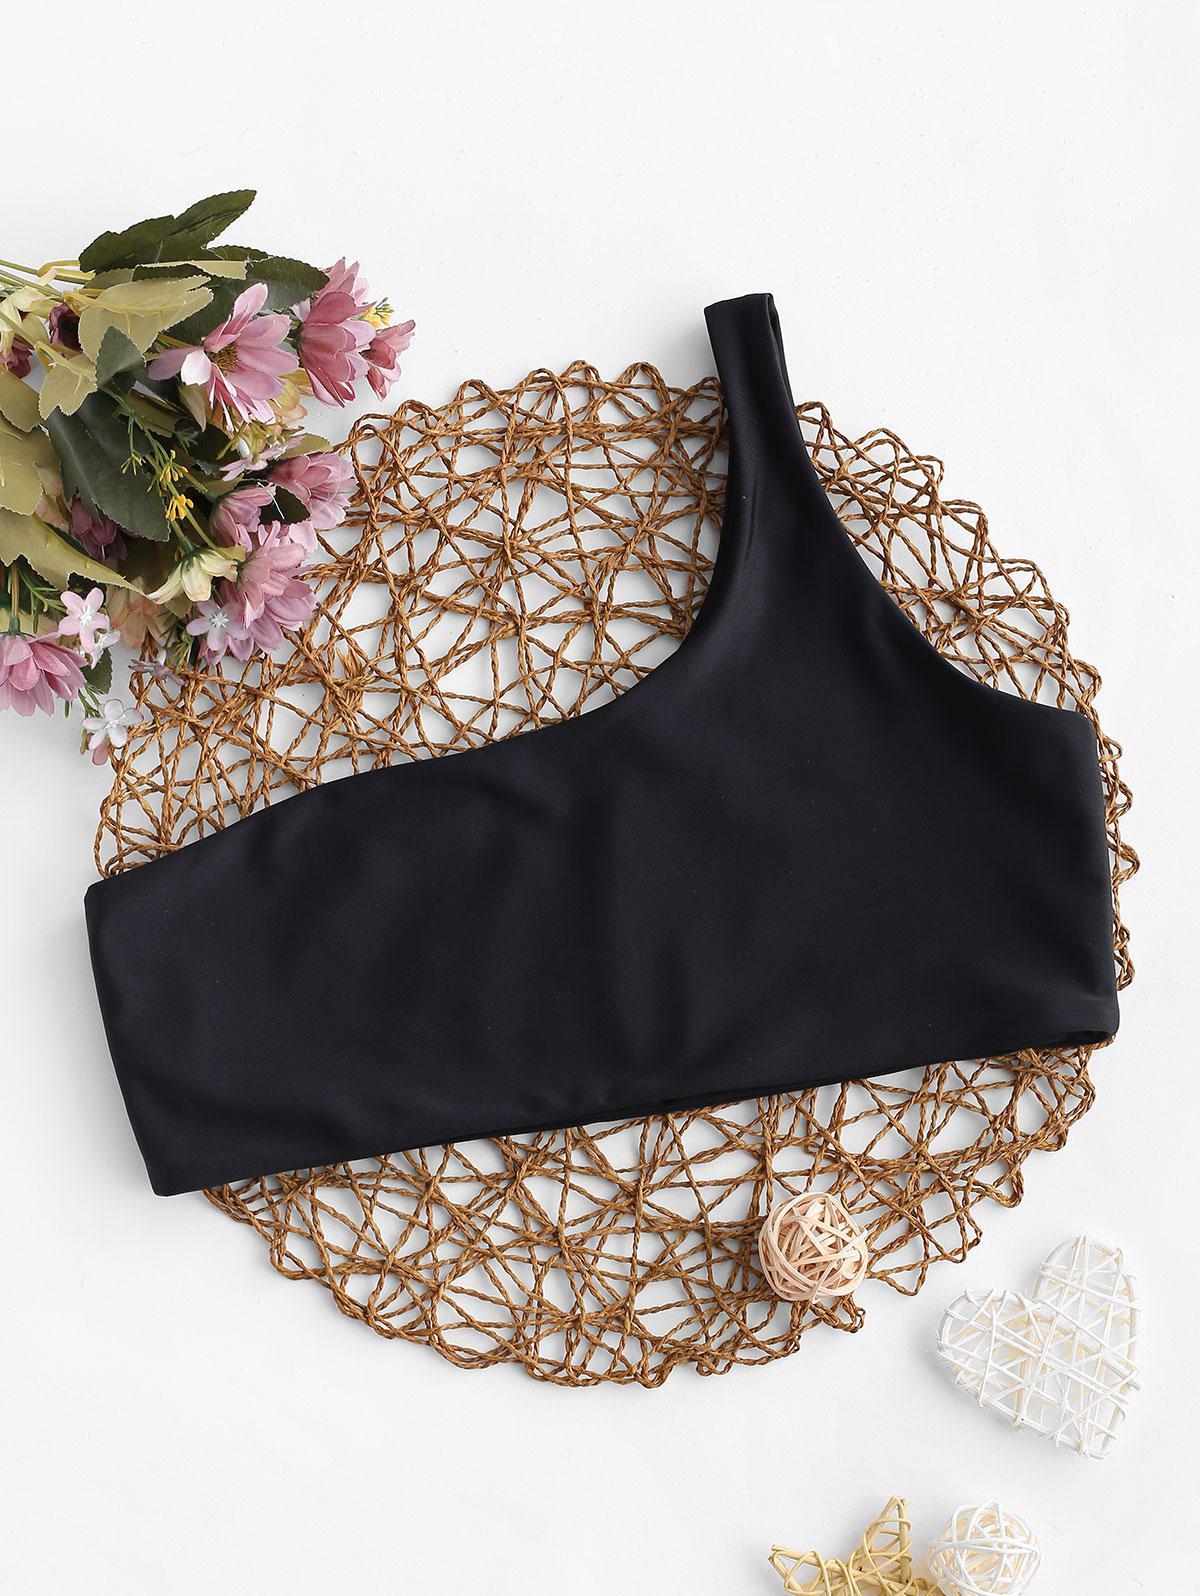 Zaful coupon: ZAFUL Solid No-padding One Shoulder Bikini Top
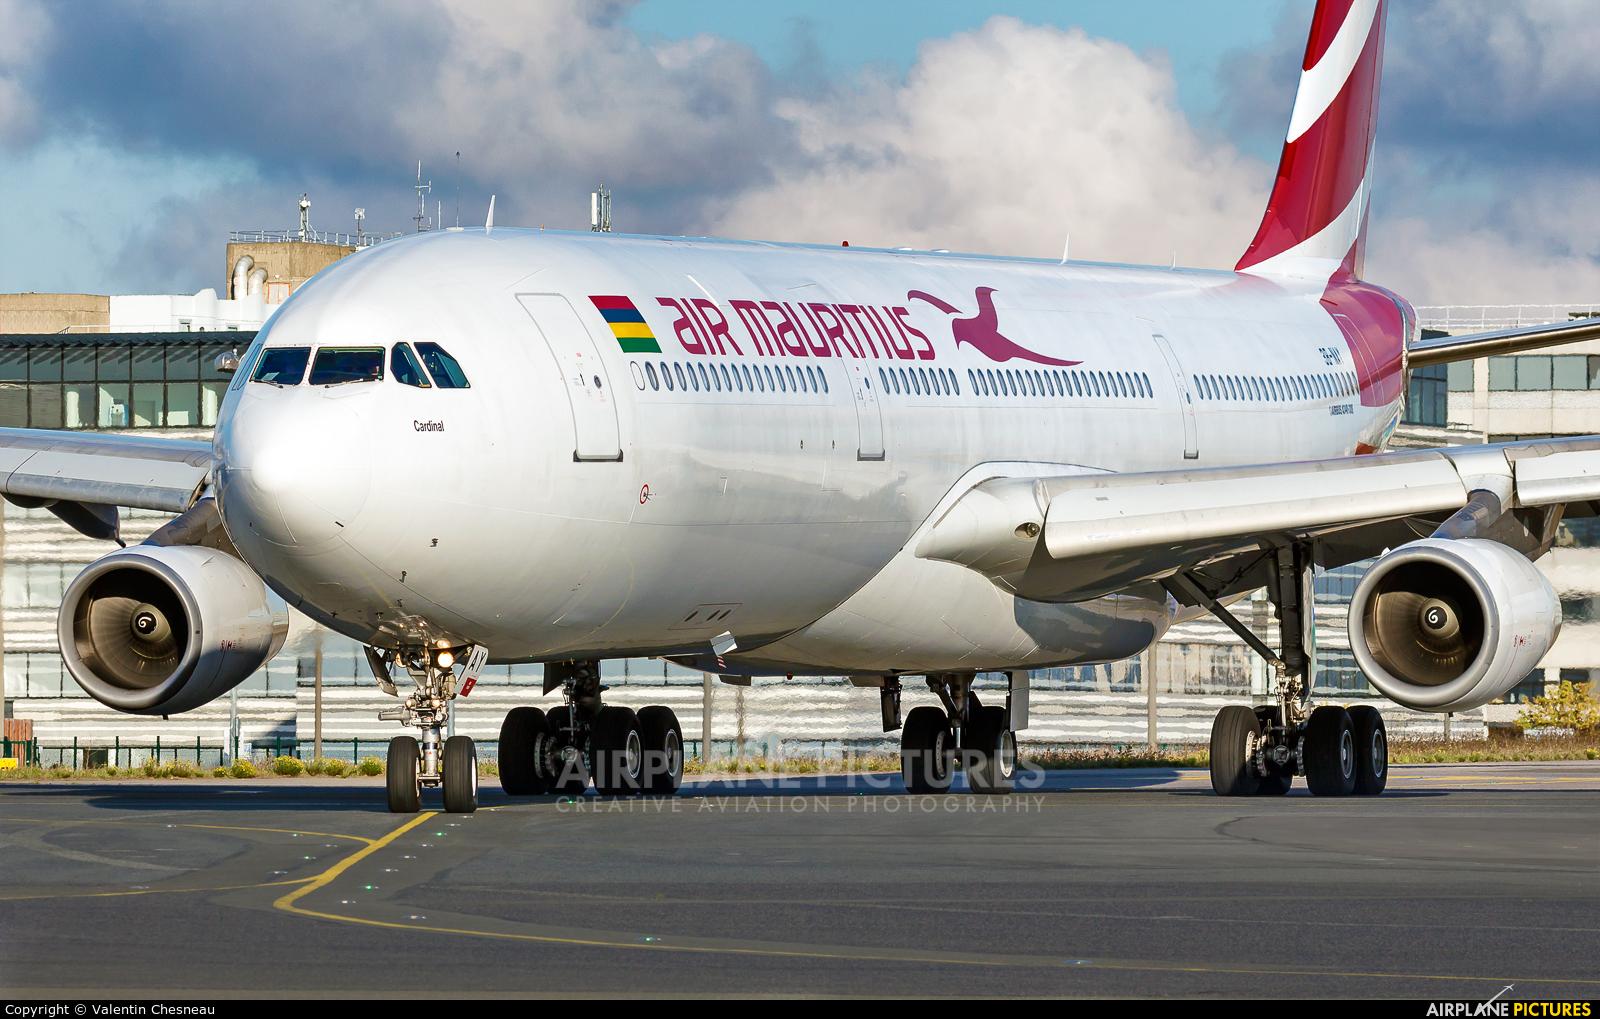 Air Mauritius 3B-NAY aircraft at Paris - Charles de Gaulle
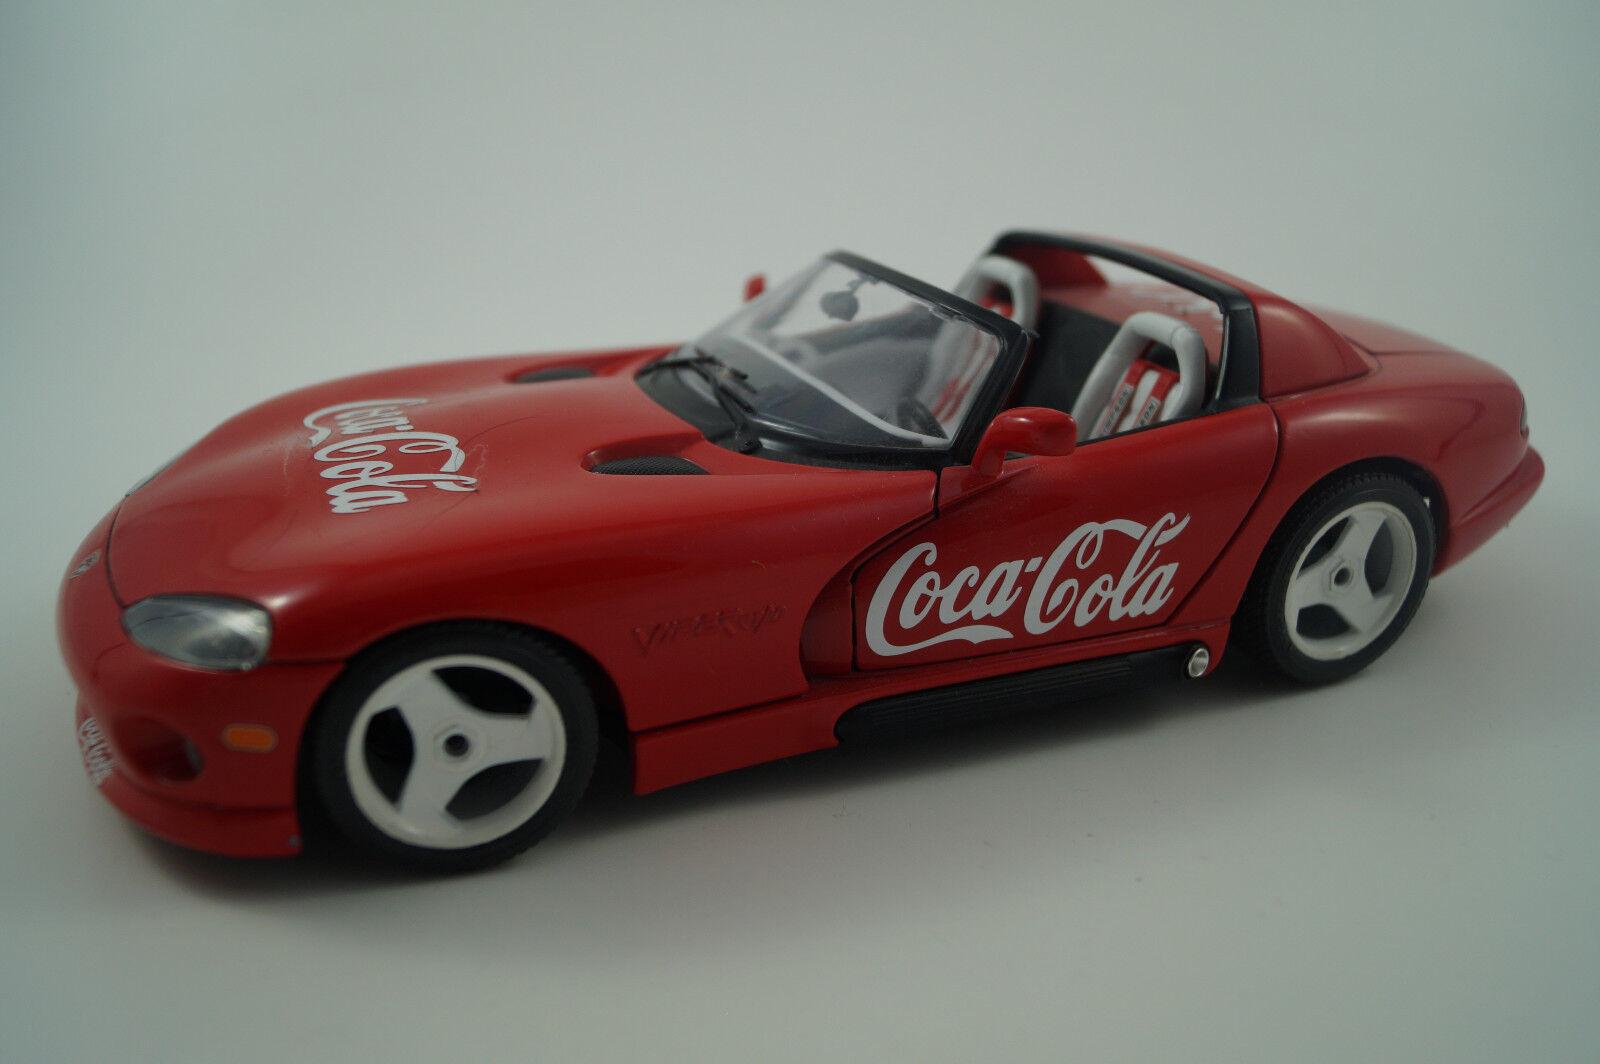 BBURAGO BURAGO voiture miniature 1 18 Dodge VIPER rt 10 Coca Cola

.....

- Problem details
All that is wanted is the lines from the one holding "Air Mauritius 3B-NAY" through the end of the material, duplicated exactly, with no pictures.

- Solution to this exercise
 Air Mauritius 3B-NAY aircraft at Paris - Charles de Gaulle
 BBURAGO BURAGO voiture miniature 1 18 Dodge VIPER rt 10 Coca Cola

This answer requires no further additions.